◆ **TASK TO COMPLETE**: Begin with the first line below and retype each line exactly through the line containing "Excelsior ristorante ciani". Any pictures are to be left out.

◆ **SUPPLIED MATERIAL**:
+ + + + + + +
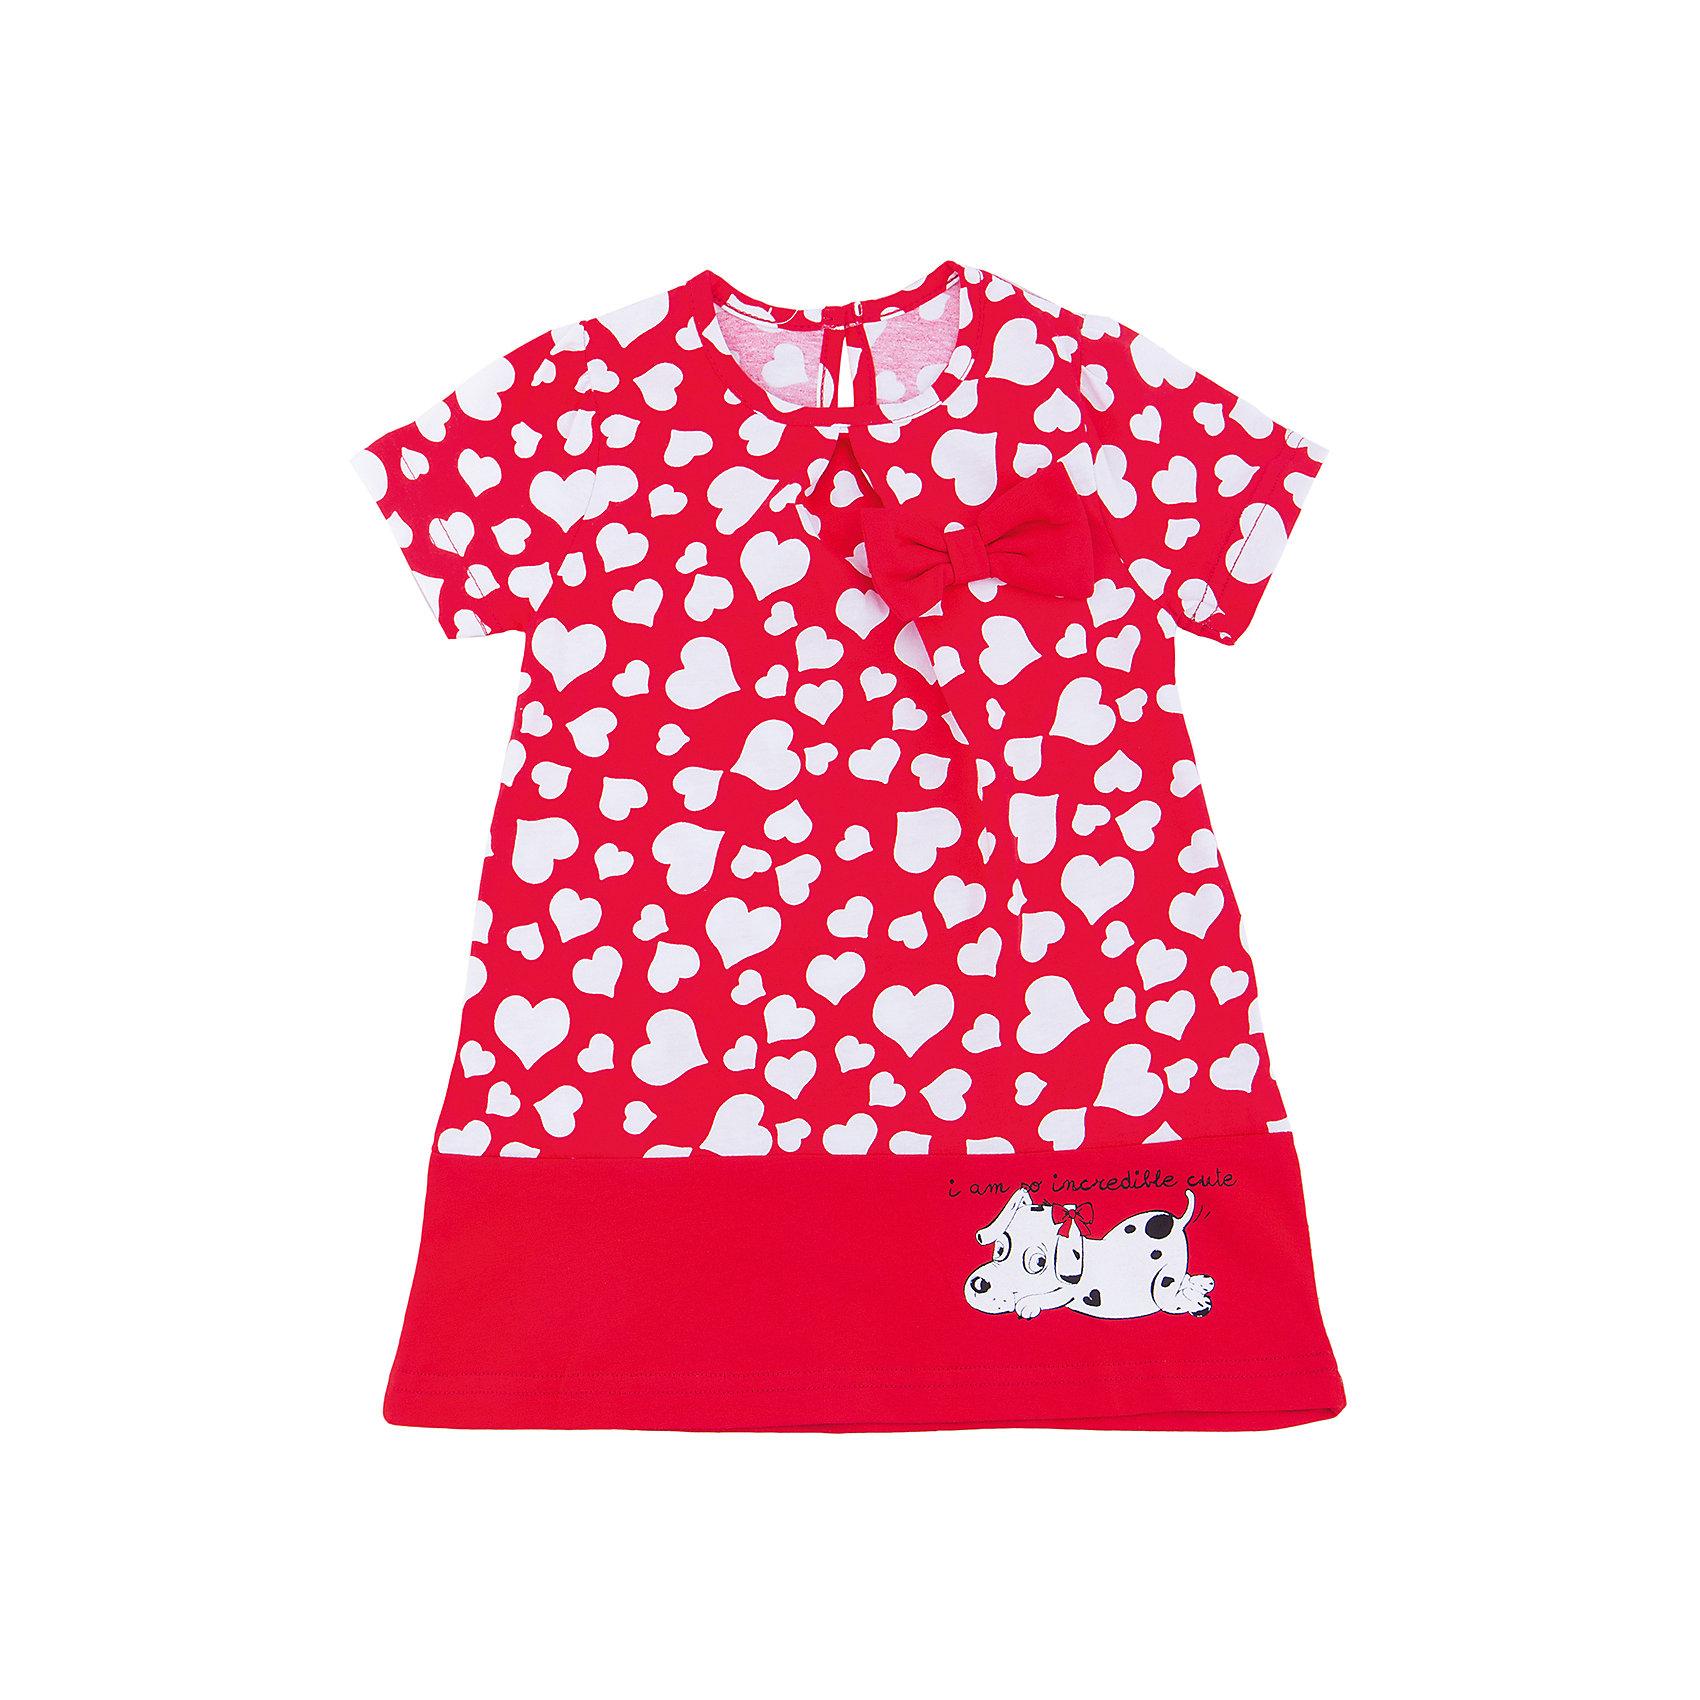 Платье для девочки АпрельПлатья и сарафаны<br>Характеристики товара:<br><br>• цвет: красный<br>• состав: 100% хлопок<br>• свободный силуэт<br>• короткие рукава<br>• декорировано принтом<br>• бант<br>• комфортная посадка<br>• страна производитель: Российская Федерация<br>• страна бренда: Российская Федерация<br><br>Это симпатичное платье - удобная и универсальная вещь, которая поможет разнообразить гардероб ребенка. Она комфортно ощущается на теле, хорошо садится по детской фигуре. Изделие отлично сочетается с различной обувью. Материал состоит из хлопка, который не вызывает аллергии и позволяет коже дышать<br><br>Платье для девочки от известного бренда Апрель можно купить в нашем интернет-магазине.<br><br>Ширина мм: 236<br>Глубина мм: 16<br>Высота мм: 184<br>Вес г: 177<br>Цвет: красный<br>Возраст от месяцев: 60<br>Возраст до месяцев: 72<br>Пол: Женский<br>Возраст: Детский<br>Размер: 116,86,92,98,104,110<br>SKU: 5438687
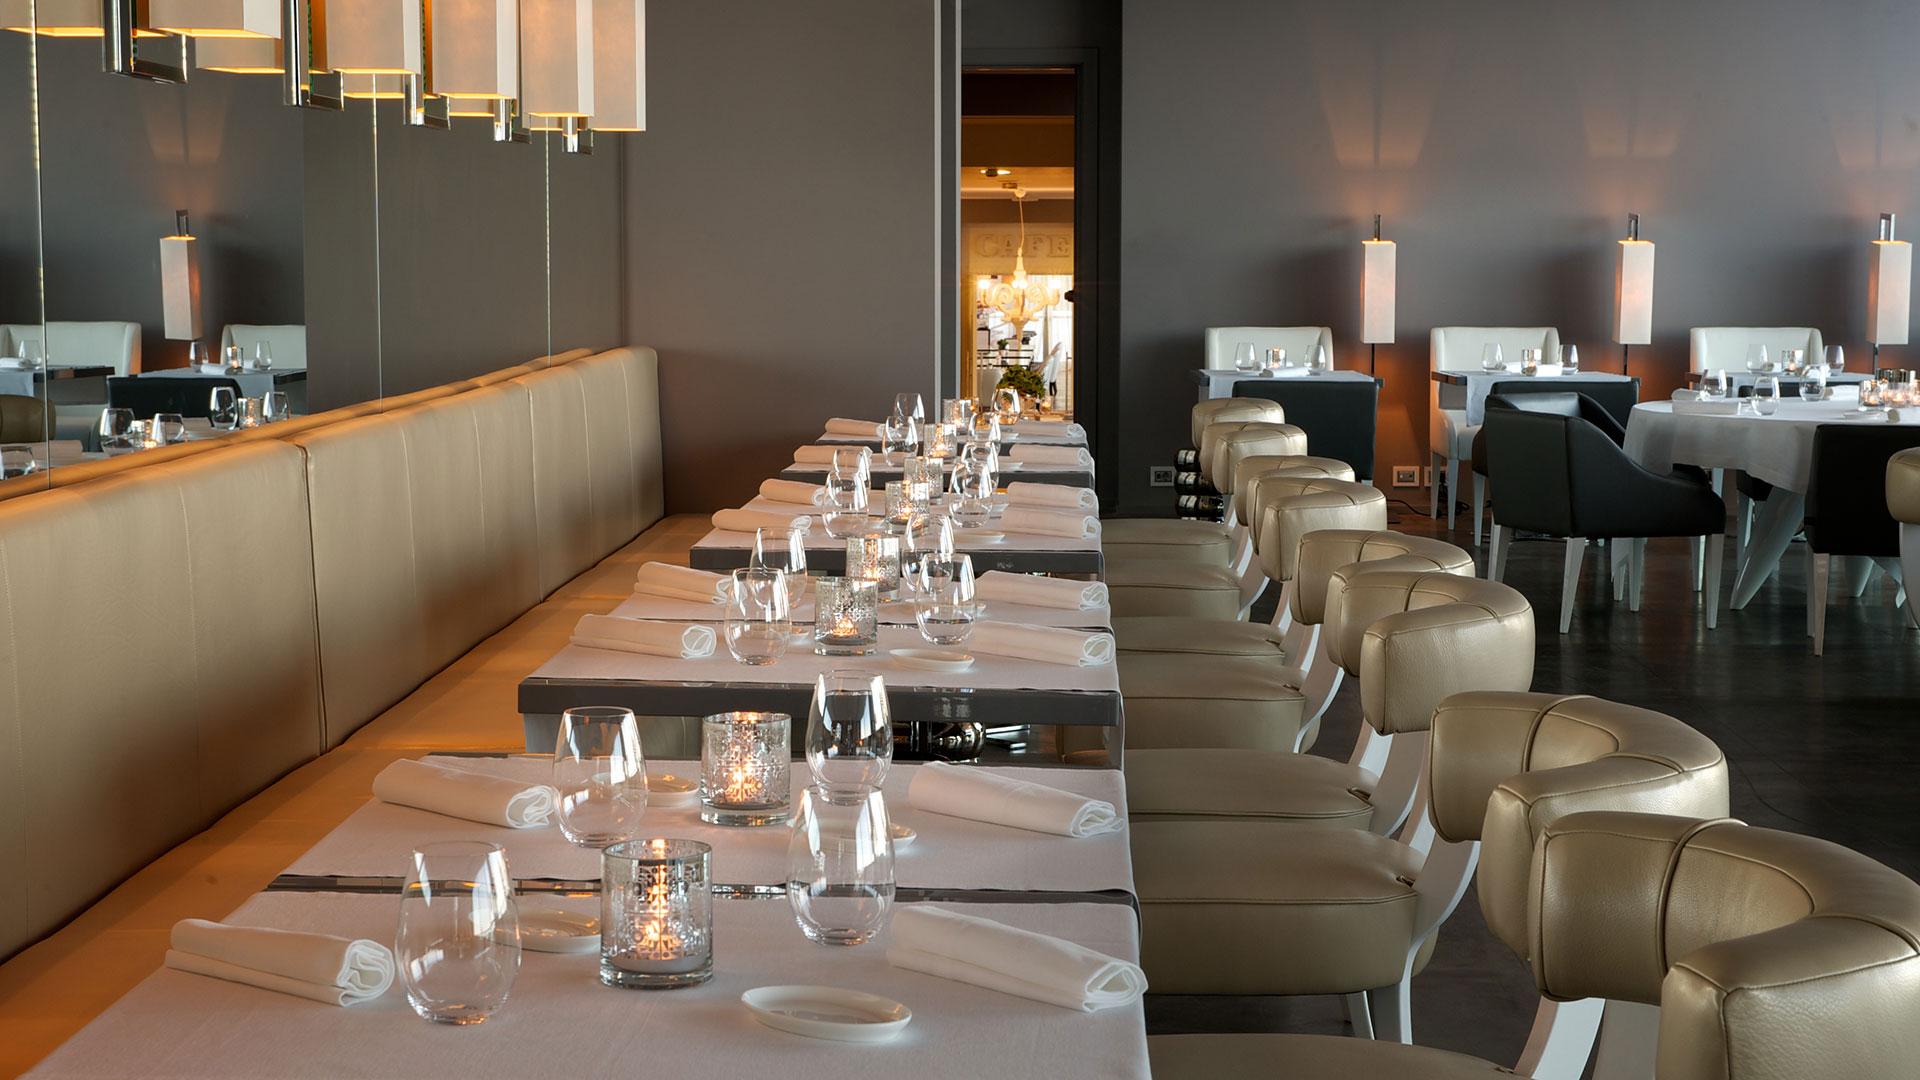 Excelsior ristorante ciani arredamenti for Ciani arredamenti
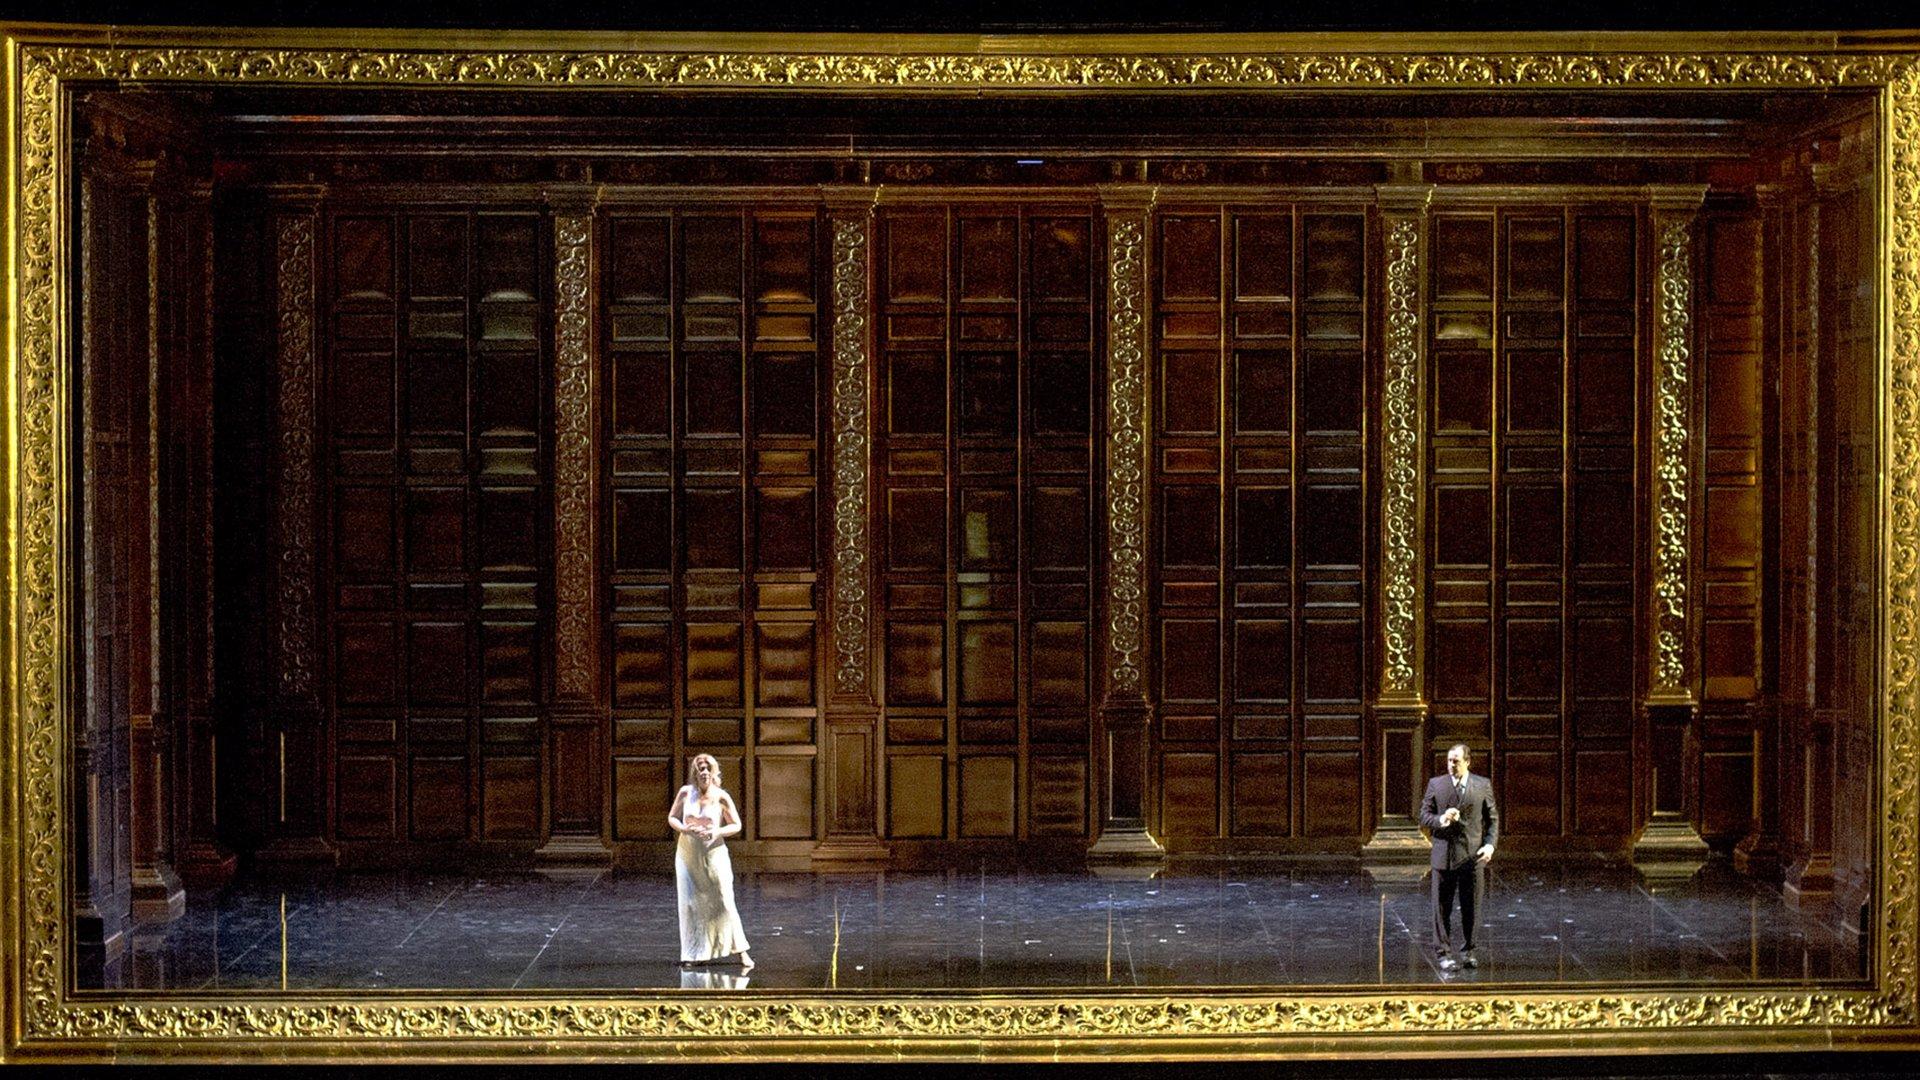 Don Giovanni -la ópera compuesta porWolfgang Amadeus Mozart- se presentó con dirección musical deMarc Piollet, dirección escénica deEmilio Sagiy protagonizada por el bajo-barítono uruguayo, Erwin Schrott
+ + + + + + +
◆ **FINAL ANSWER**:
 Платье для девочки АпрельПлатья и сарафаны<br>Характеристики товара:<br><br>• цвет: красный<br>• состав: 100% хлопок<br>• свободный силуэт<br>• короткие рукава<br>• декорировано принтом<br>• бант<br>• комфортная посадка<br>• страна производитель: Российская Федерация<br>• страна бренда: Российская Федерация<br><br>Это симпатичное платье - удобная и универсальная вещь, которая поможет разнообразить гардероб ребенка. Она комфортно ощущается на теле, хорошо садится по детской фигуре. Изделие отлично сочетается с различной обувью. Материал состоит из хлопка, который не вызывает аллергии и позволяет коже дышать<br><br>Платье для девочки от известного бренда Апрель можно купить в нашем интернет-магазине.<br><br>Ширина мм: 236<br>Глубина мм: 16<br>Высота мм: 184<br>Вес г: 177<br>Цвет: красный<br>Возраст от месяцев: 60<br>Возраст до месяцев: 72<br>Пол: Женский<br>Возраст: Детский<br>Размер: 116,86,92,98,104,110<br>SKU: 5438687
 Excelsior ristorante ciani arredamenti for Ciani arredamenti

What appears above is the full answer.